No More Waiting to Boot Up
In the world of "instant everything," users are still forced to wait for computers to boot up and for digital cameras to save images. Within the next few years, new types of solid-state computer memory, such as magnetoresistive RAM (MRAM), may change that. In MRAM, data is written by a small electrical current that creates a magnetic field, which flips electron spins in a spin-dependent tunnel junction. Data is read as the resistance of the junction. MRAM is "nonvolatile," meaning that it retains its content even when the power is off. And unlike SRAM and DRAM memory technologies, MRAM enables "instant-on."

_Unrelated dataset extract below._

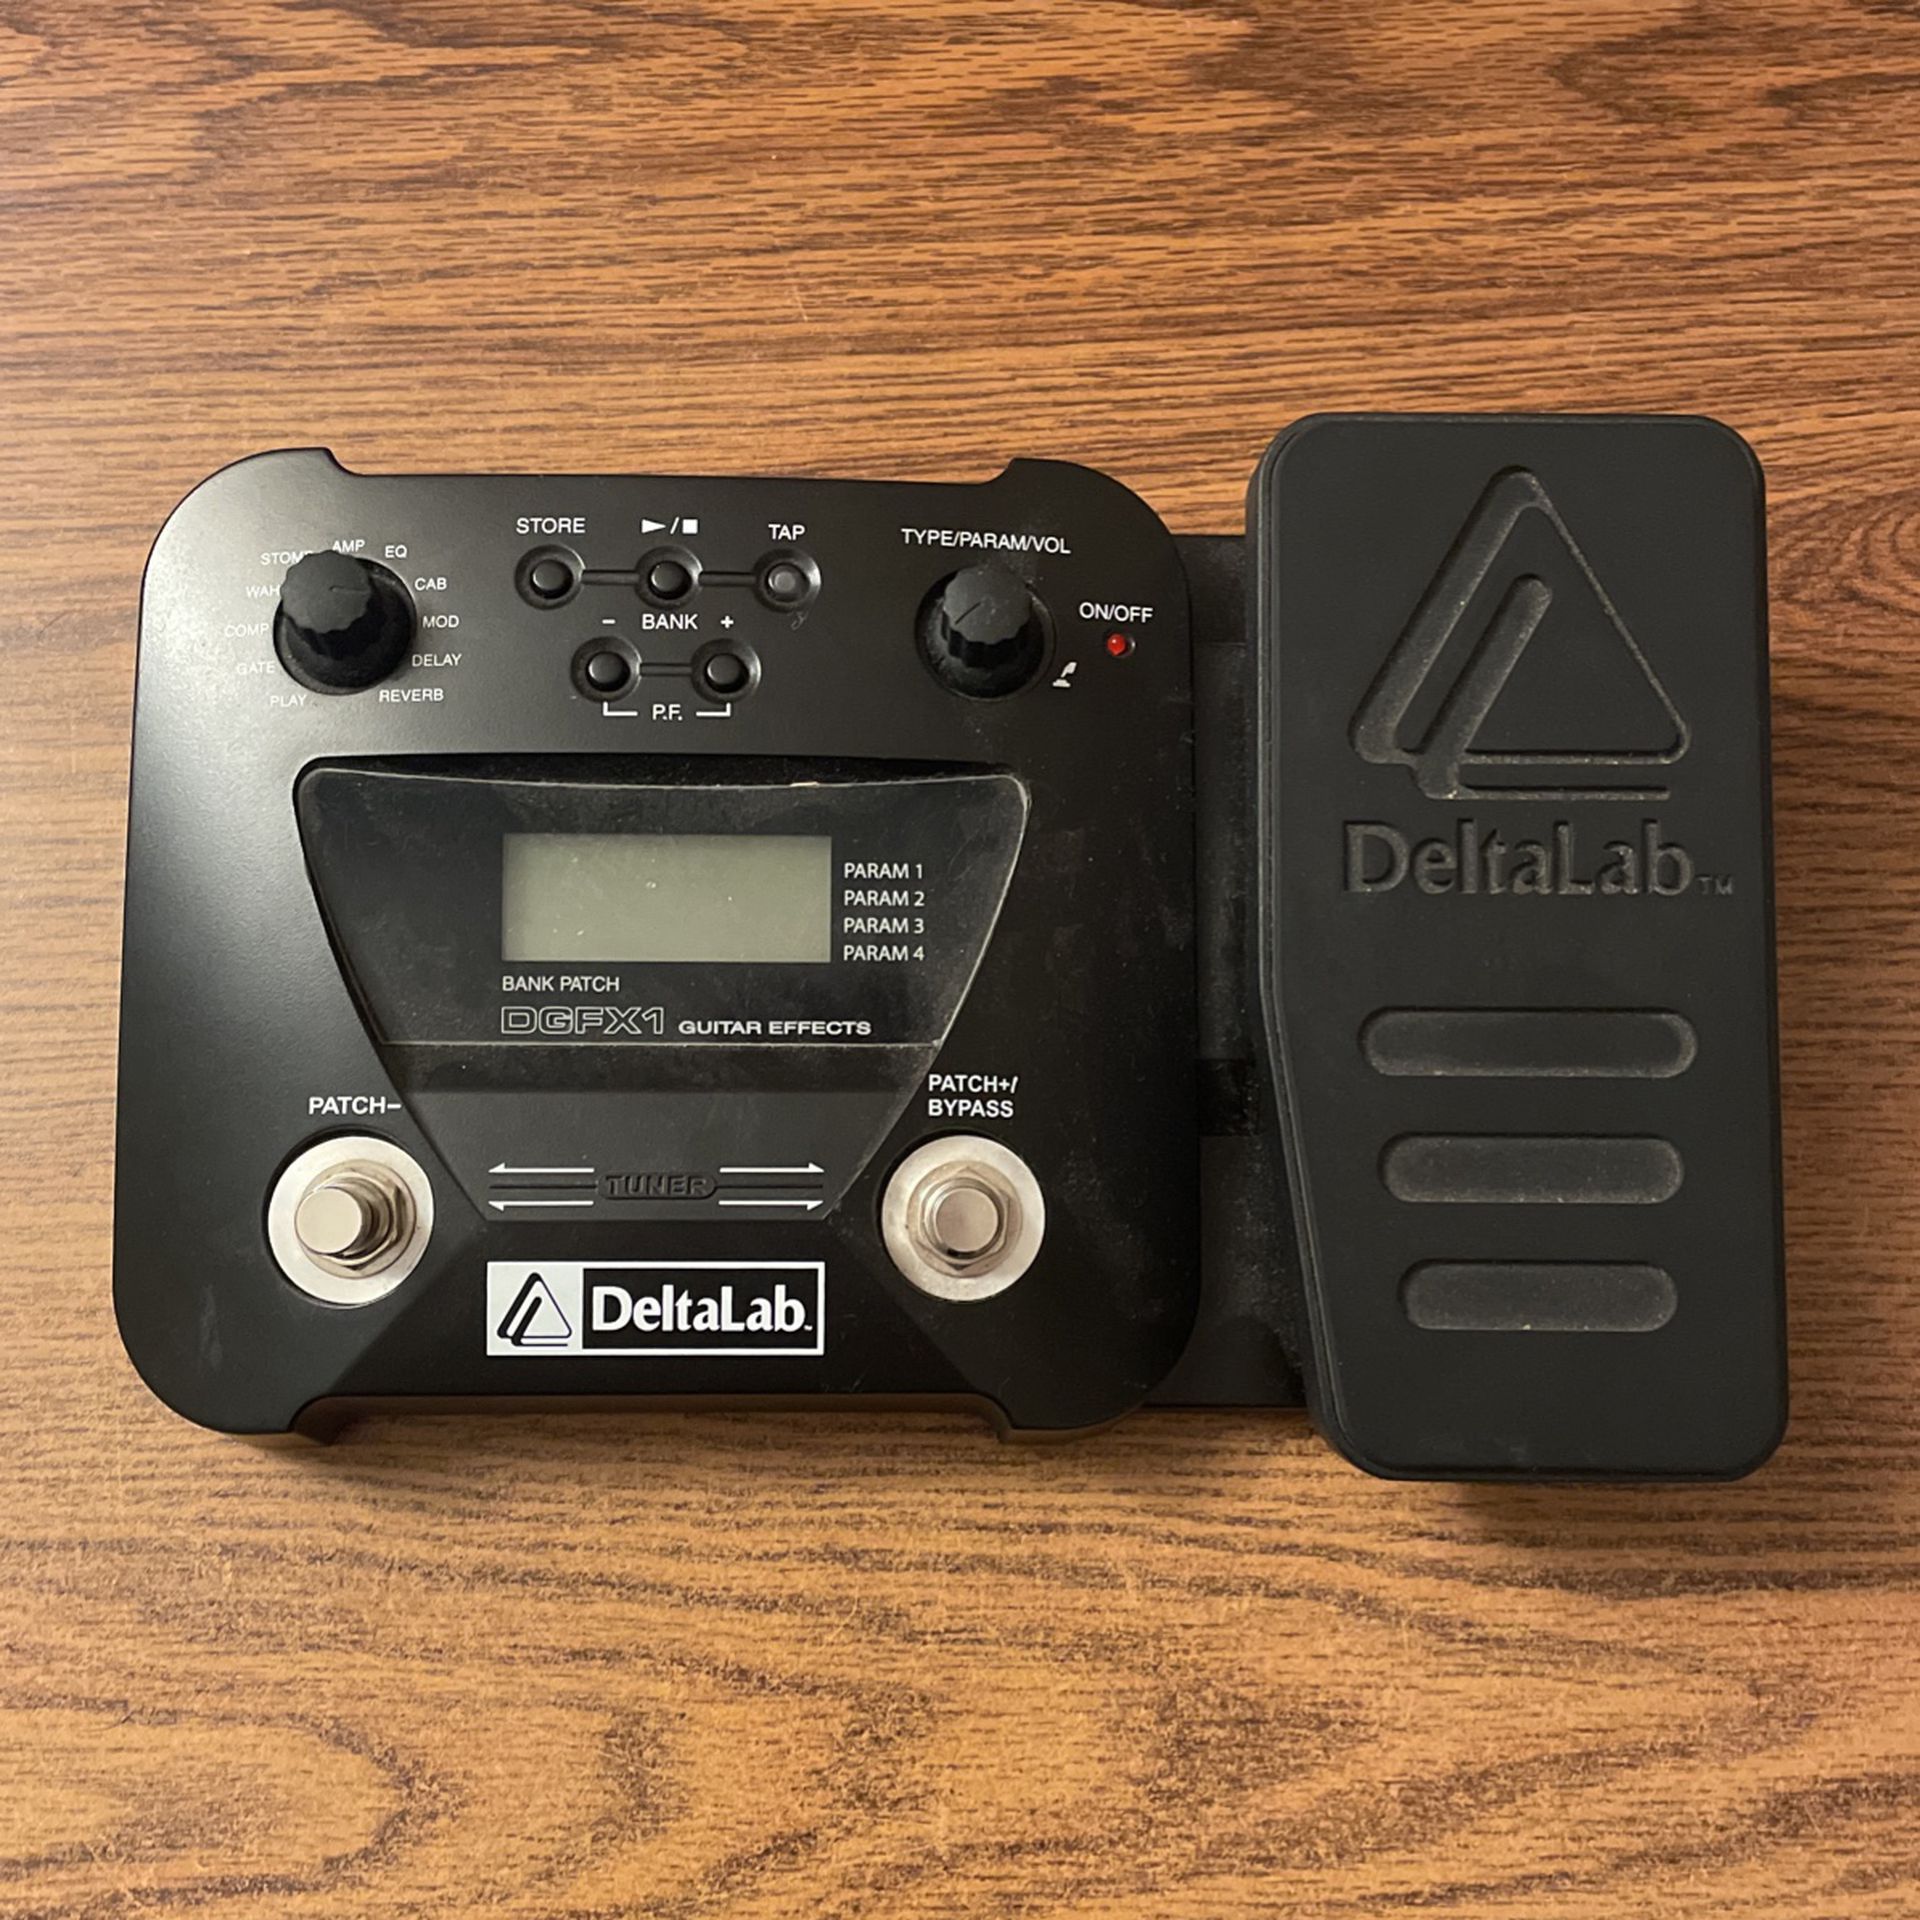 Delta Lab DGFX1 Guitar Multi-effects Pedal (see post for more details)
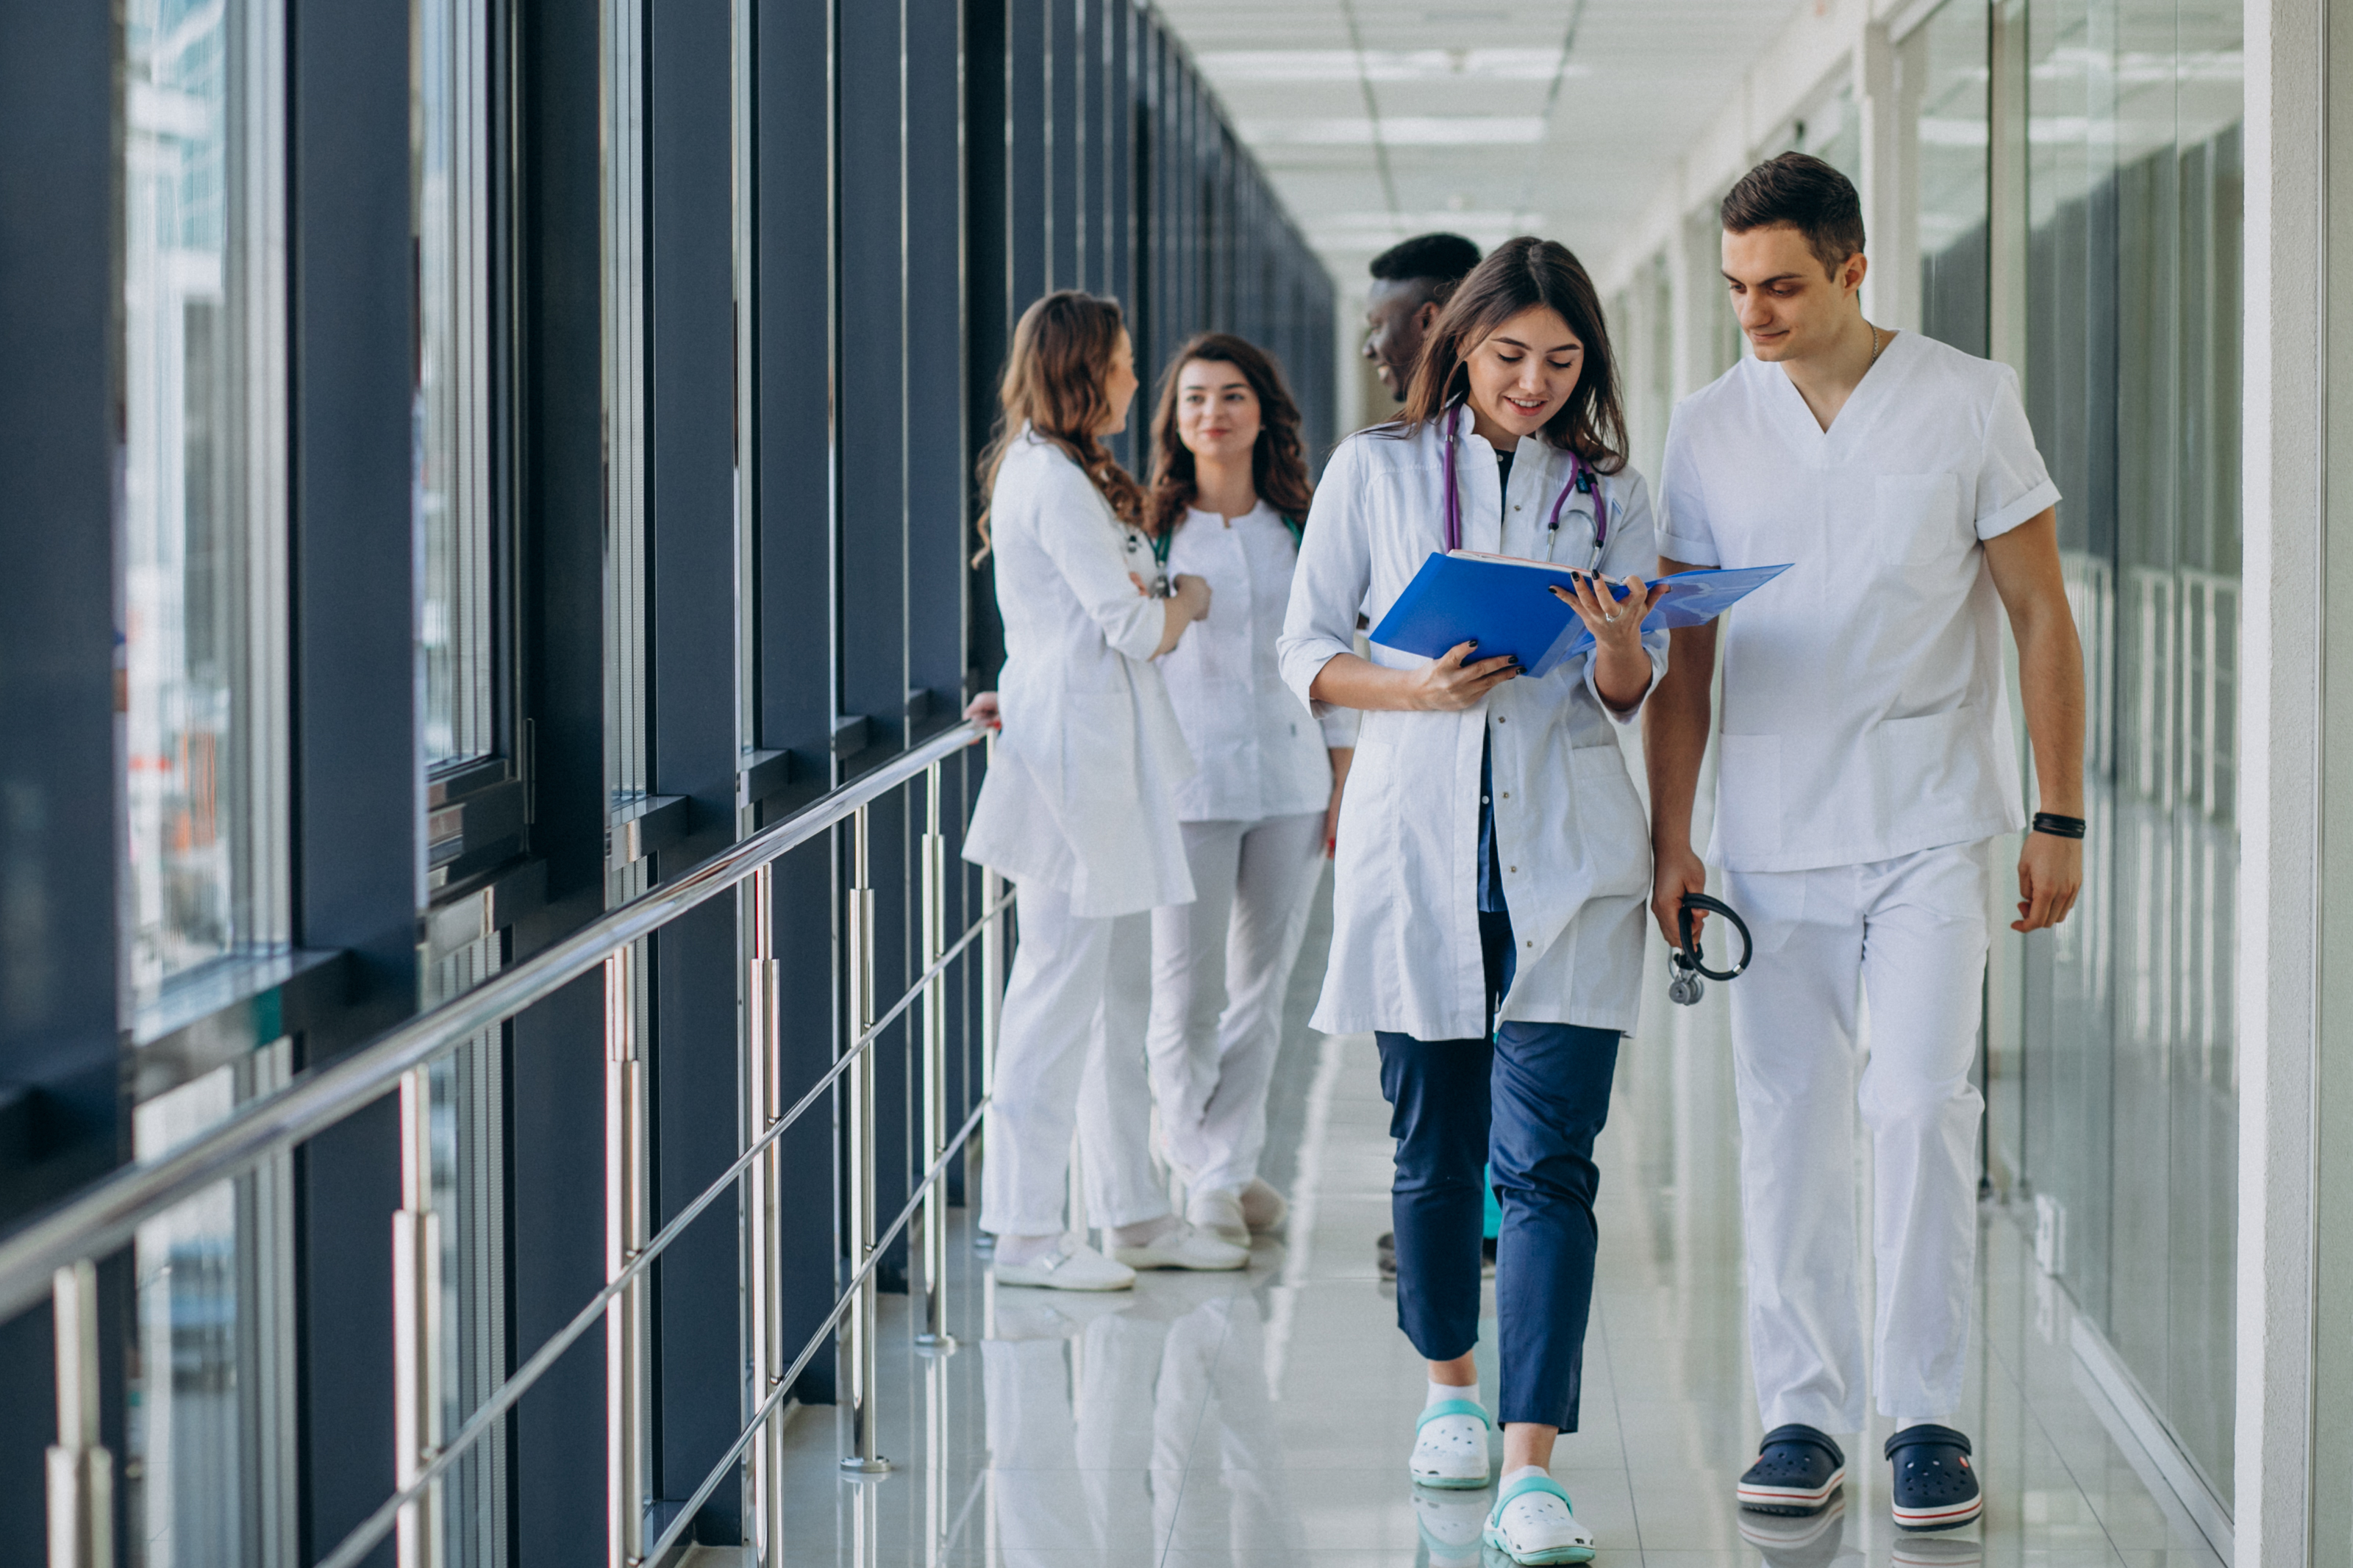 A team of healthcare professionals walking through a hospital

Conquer Your Fears with Virtual Reality
If speaking in front of an audience makes your heart race, voice tremble, and palms sweat, you might have a public-speaking phobia. Page Anderson, a psychology professor at Georgia State University in Atlanta, is studying the effects of virtual reality (VR) headgear and custom software to help people overcome their fears. VR offers a controlled environment and a replacement for traditional cognitive behavioral therapy, or "exposure therapy," where a person is exposed in small, short doses to the actual fear, she says. For such therapy to work, the degree of exposure needs to be controlled and prolonged to give anxiety time to subside, and then be repeated. "All of that's difficult to do," she says. "So I'm examining whether facing one's fears in the virtual world allows one to conquer them in the real world."